I checked which loop devices are used:

# losetup -a
/dev/loop0: [0811]:161693699 (/data/guests/node1.img)
/dev/loop1: [0811]:161693702 (/data/guests/node2.img)
/dev/loop2: [0811]:161693703 (/data/guests/node3.img)
/dev/loop3: [0811]:161693704 (/data/guests/node4.img)
/dev/loop4: [0811]:161693705 (/data/guests/node5.img)
/dev/loop5: [0811]:161693706 (/data/guests/node6.img)
/dev/loop6: [0811]:161693707 (/data/guests/node7.img)
/dev/loop7: [0811]:161693708 (/data/guests/node8.img)
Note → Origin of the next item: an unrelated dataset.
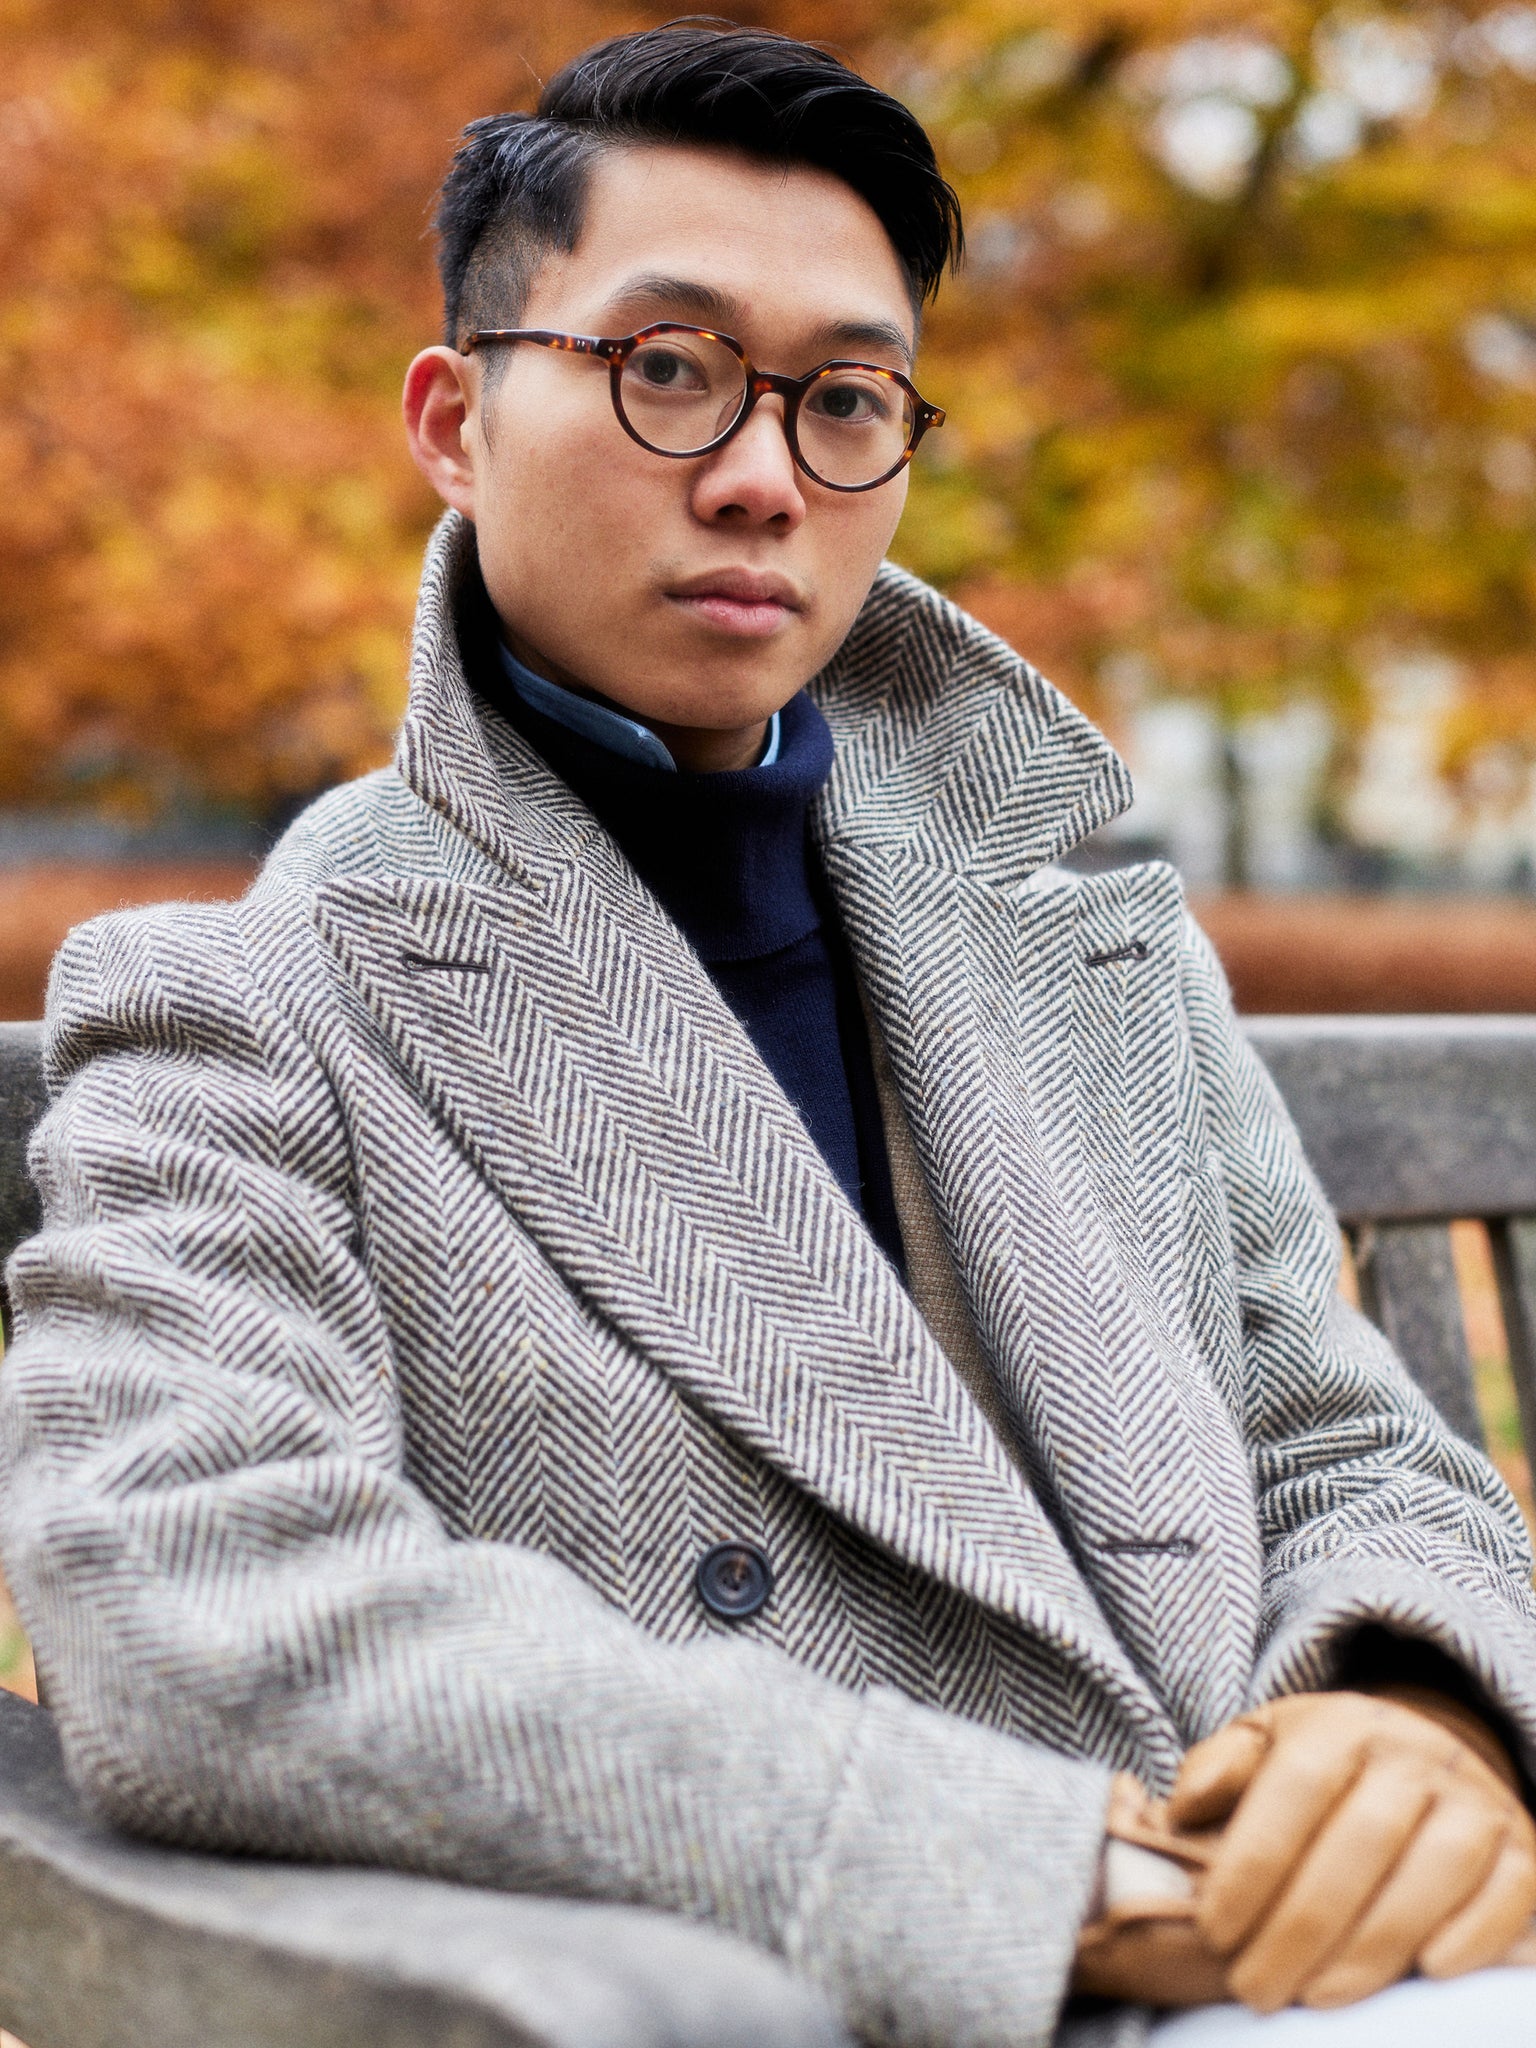 Buzz Tang wearing a grey coat that is a collaboration between his brand The Anthology and Permanent Style, interviewed by A Collected Man London

And then how many are available in total:

# ls -l /dev/loop*
brw-r----- 1 root disk 7, 0 Mar  9 22:08 /dev/loop0
brw-r----- 1 root disk 7, 1 Mar  9 22:08 /dev/loop1
brw-r----- 1 root disk 7, 2 Mar  9 22:08 /dev/loop2
brw-r----- 1 root disk 7, 3 Mar  9 22:08 /dev/loop3
brw-r----- 1 root disk 7, 4 Mar  9 22:08 /dev/loop4
brw-r----- 1 root disk 7, 5 Mar  9 22:08 /dev/loop5
brw-r----- 1 root disk 7, 6 Mar  9 22:08 /dev/loop6
brw-r----- 1 root disk 7, 7 Mar  9 22:08 /dev/loop7

All eight loop devices are used. If each guest had a second disk image as well, I’d face the problem after node4. The problem resides to the fact that the default number of loop devices provided by the kernel are eight, and every Xen guest that doesn’t use the Xen blktp driver will use a loop device for every disk image it’s assigned with. The solution to this is to increase the number of loop devices. That can be done by editing /etc/modprobe.conf and adding a new definition for the maximum loop devices:

options loop max_loop=24

In order for that to take effect, you’ll need either to reboot the system or reload the loop kernel module. In order to reload the module, the current loop devices must be free, so every guest should be powered off. Then simply:

# rmmod loop
# modprobe loop
# ls -l /dev/loop*
brw-r----- 1 root disk 7,  0 Mar 24 12:25 /dev/loop0
brw-r----- 1 root disk 7,  1 Mar 24 12:25 /dev/loop1
brw-r----- 1 root disk 7, 10 Mar 24 12:27 /dev/loop10
brw-r----- 1 root disk 7, 11 Mar 24 12:27 /dev/loop11
brw-r----- 1 root disk 7, 12 Mar 24 12:27 /dev/loop12
brw-r----- 1 root disk 7, 13 Mar 24 12:27 /dev/loop13
brw-r----- 1 root disk 7, 14 Mar 24 12:27 /dev/loop14
brw-r----- 1 root disk 7, 15 Mar 24 12:27 /dev/loop15
brw-r----- 1 root disk 7, 16 Mar 24 12:27 /dev/loop16
brw-r----- 1 root disk 7, 17 Mar 24 12:27 /dev/loop17
brw-r----- 1 root disk 7, 18 Mar 24 12:27 /dev/loop18
brw-r----- 1 root disk 7, 19 Mar 24 12:27 /dev/loop19
brw-r----- 1 root disk 7,  2 Mar 24 12:25 /dev/loop2
brw-r----- 1 root disk 7, 20 Mar 24 12:27 /dev/loop20
brw-r----- 1 root disk 7, 21 Mar 24 12:27 /dev/loop21
brw-r----- 1 root disk 7, 22 Mar 24 12:27 /dev/loop22
brw-r----- 1 root disk 7, 23 Mar 24 12:27 /dev/loop23

Powering the guests and running losetup -a:

# losetup -a
/dev/loop0: [0811]:161693699 (/data/guests/node1.img)
/dev/loop1: [0811]:161693702 (/data/guests/node2.img)
/dev/loop10: [0811]:161693703 (/data/guests/node3.img)
/dev/loop11: [0811]:161693704 (/data/guests/node4.img)
/dev/loop12: [0811]:161693705 (/data/guests/node5.img)
/dev/loop13: [0811]:161693706 (/data/guests/node6.img)
/dev/loop14: [0811]:161693707 (/data/guests/node7.img)
/dev/loop15: [0811]:161693708 (/data/guests/node8.img)
/dev/loop16: [0811]:161693709 (/data/guests/node9.img)

Paravirtualised guests can make use of the blktp driver to access the virtual block device directly, without using a loop device. To do so, the guest’s configuration file must specify ‘tap:aio:’ instead of of ‘file’ at the disk entry. This is not true for full virtualised guests. However, both paravirtualsied and full virtualised guests can make use of physical partitions (defined as ‘phy’) and that eliminates the use of loop devices among other advantages.